The state's two most prominent medical institutions, Johns Hopkins Hospital and the University of Maryland Medical System's GreenebaumCancer Center, secured commitments for $15 million a year for the next decade to expand their efforts to fight cancer.
Hopkins will use its share to add wings to two buildings and to increase salaries of researchers involved in an ambitious effort to track cancer rates around the state and identify environmental factors.
Hopkins officials are pleased with the state assistance, particularly lawmakers' 10-year commitment to the effort -- which is much longer than typical federal research grants.
"This type of long-term commitment is really how we're going to find the answers for dealing with cancer prevention problems that are decades out," said Dr. John D. Groopman, chairman of the Hopkins Department of Environmental Health Sciences.
The University of Maryland will use its tobacco proceeds on clinical care, outreach, prevention and other efforts. University of Maryland officials plan to build a "tele-medicine" network to provide cancer screening for Marylanders far from Baltimore.

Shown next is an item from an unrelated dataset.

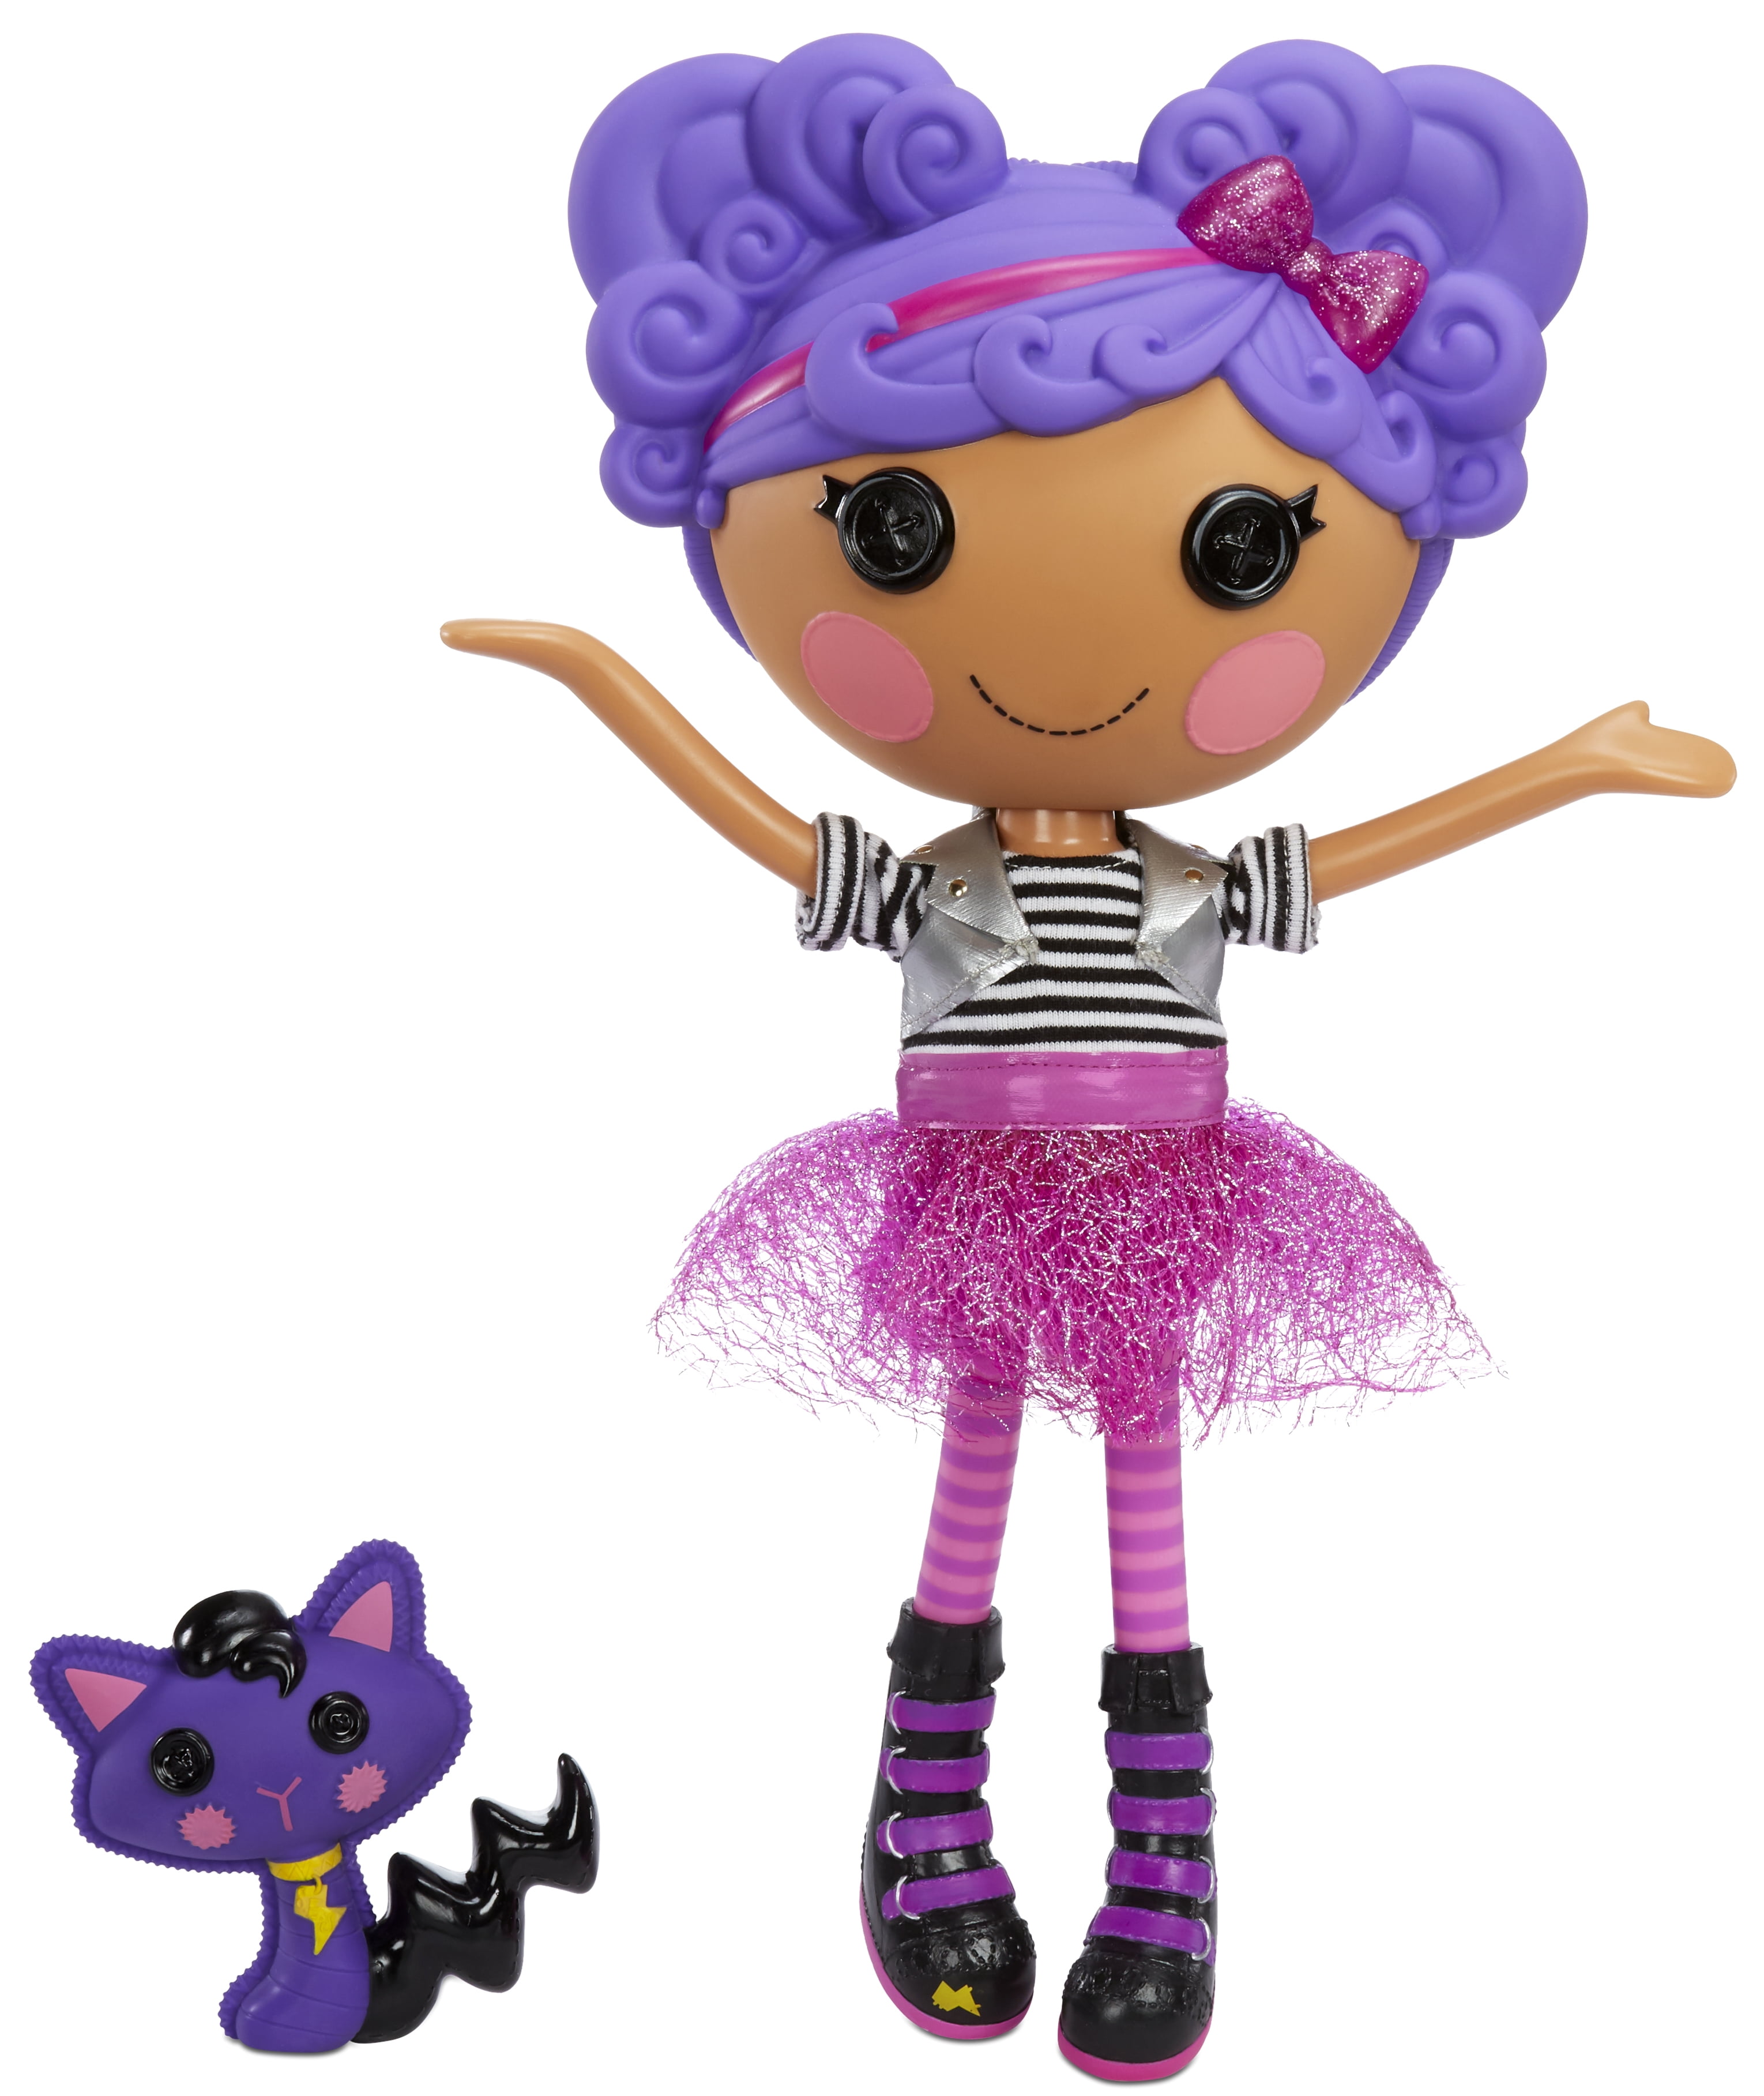 BRATZ Party Cloe Articulated Doll 10th Anniversary NEW IN BOX 10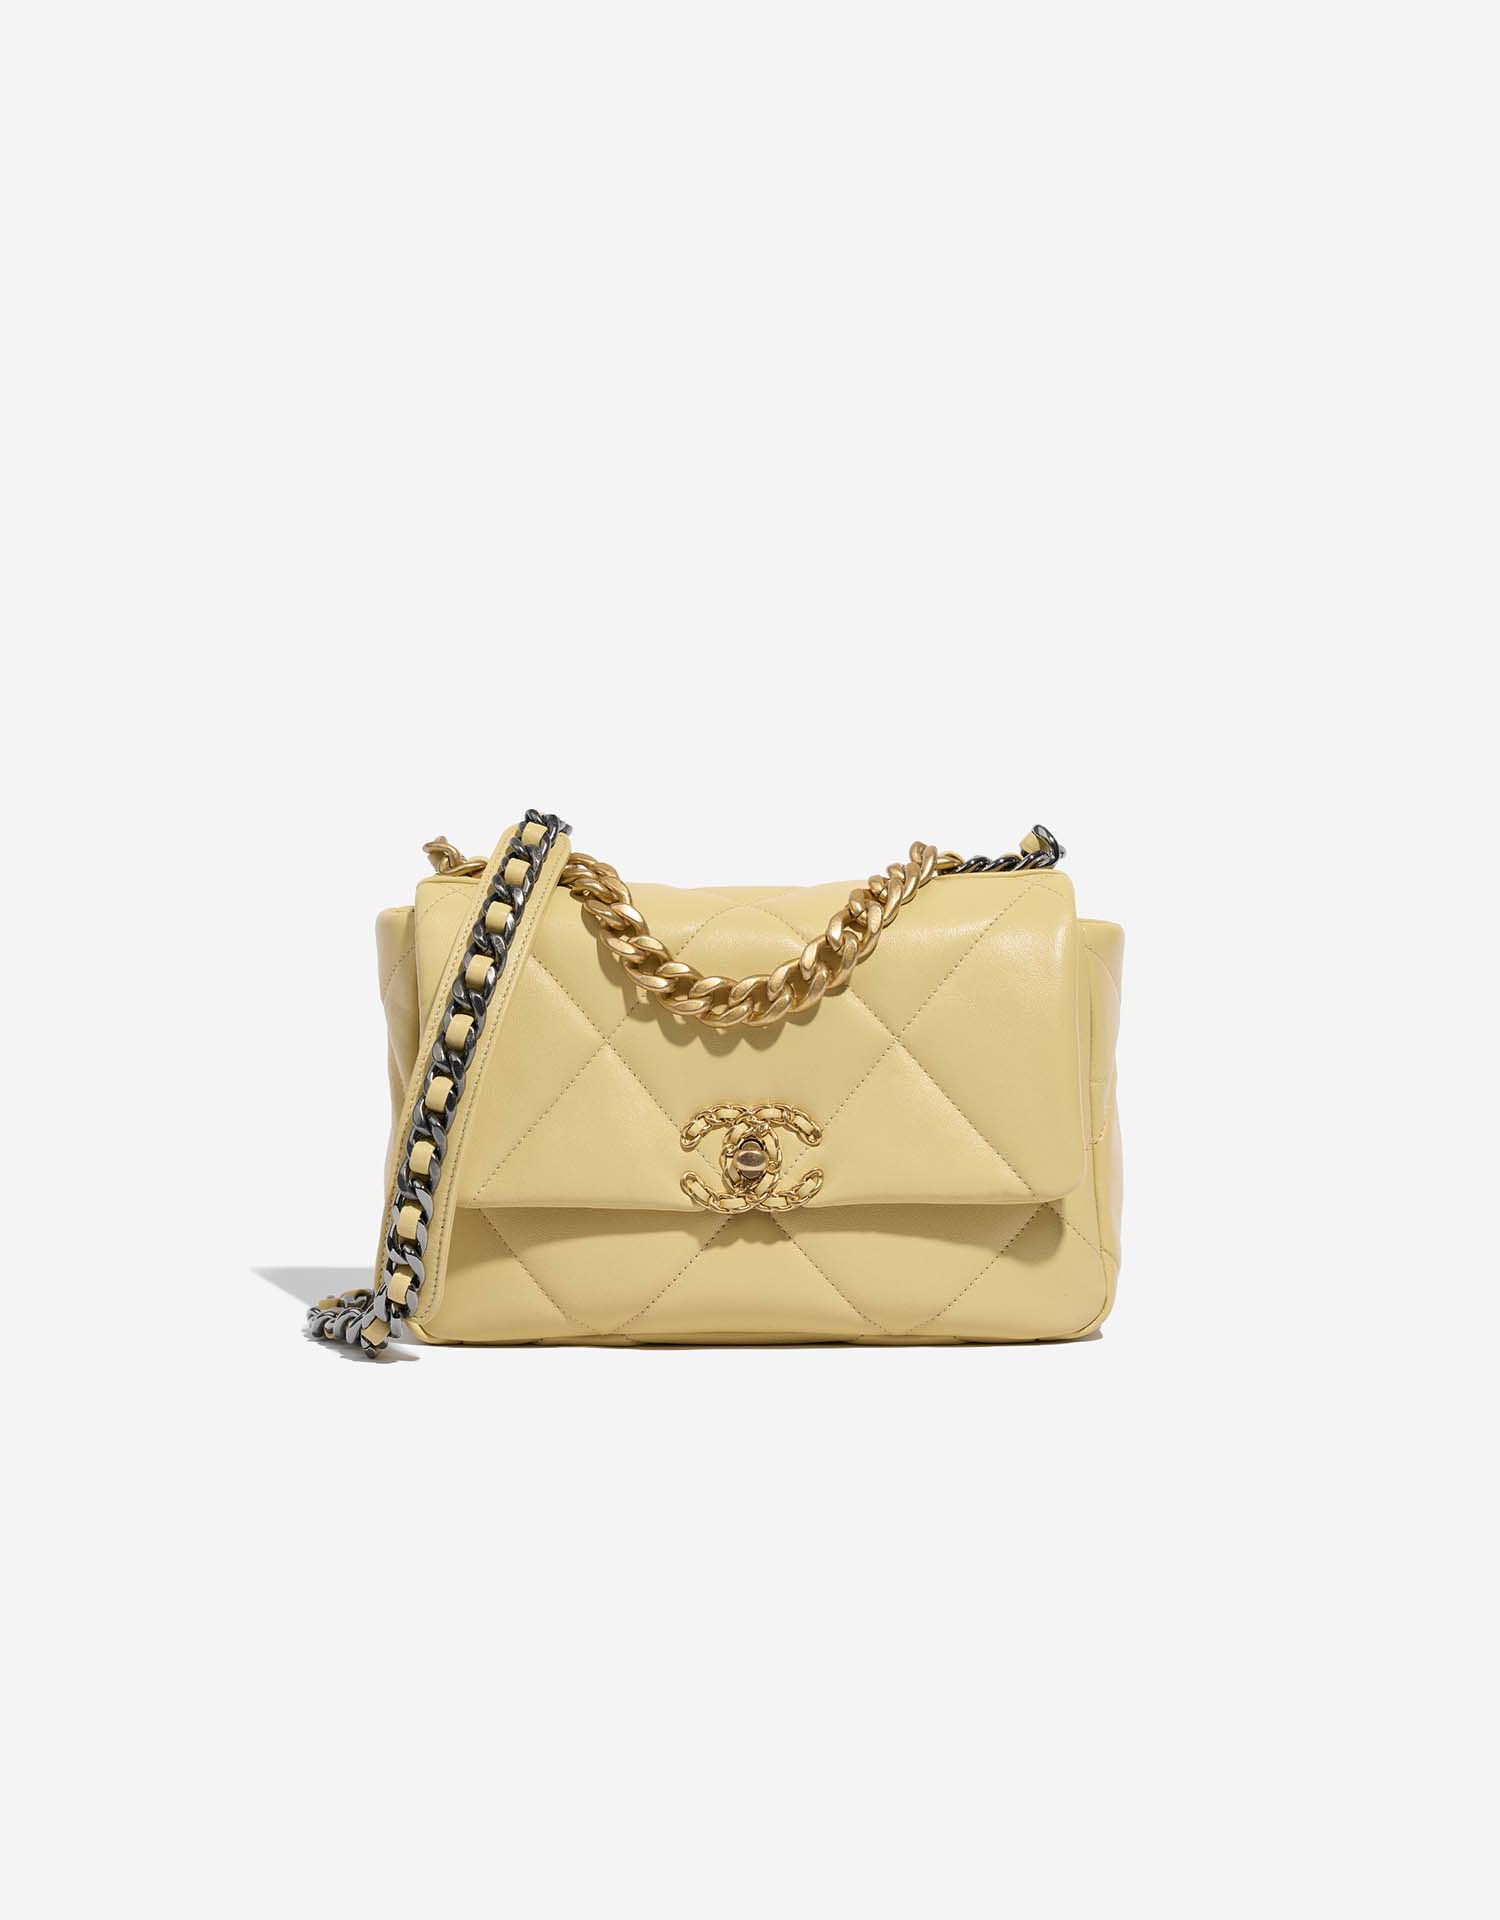 Chanel 19 Flap Bag Lamb Pastel Yellow

But some legislators worry that the anti-cancer spending may be too diffuse to achieve major accomplishments.
"I'm not sure there are enough resources ... on the cancer side," said Sen. Christopher Van Hollen Jr., a Montgomery Democrat who helped craft the legislation prescribing how the tobacco money will be spent.
Benjamin has no illusions that the money will allow the state to "conquer" cancer, as Glendening once suggested. "If anyone thinks we're going to wipe out all the cancer in the state of Maryland, that's not going to happen," he said. "But this is a very good start."
At Glendening's urging, the tobacco funds also will pay for a major state effort to curb smoking and to stop teens from taking up the habit. The governor has pledged $30 million a year for 10 years for the program.
Some $10 million of that will go to an aggressive "counter-marketing" effort, using commercials aimed at particular groups. The state now spends only $600,000 a year on anti-smoking advertising, and legislators said the new commitment will provide a meaningful test of the effectiveness of such campaigns.
"There are enough resources to make it work -- if it can work," said Van Hollen. "If publicly funded programs can work, this will be the model."
A third major area of spending is not addressed in the tobacco bill. In the state budget for next year, lawmakers earmarked tobacco money for a string of education programs -- including $35 million for teacher pay raises, $6 million for textbooks for private schools and $4 million to wire public schools for the Internet.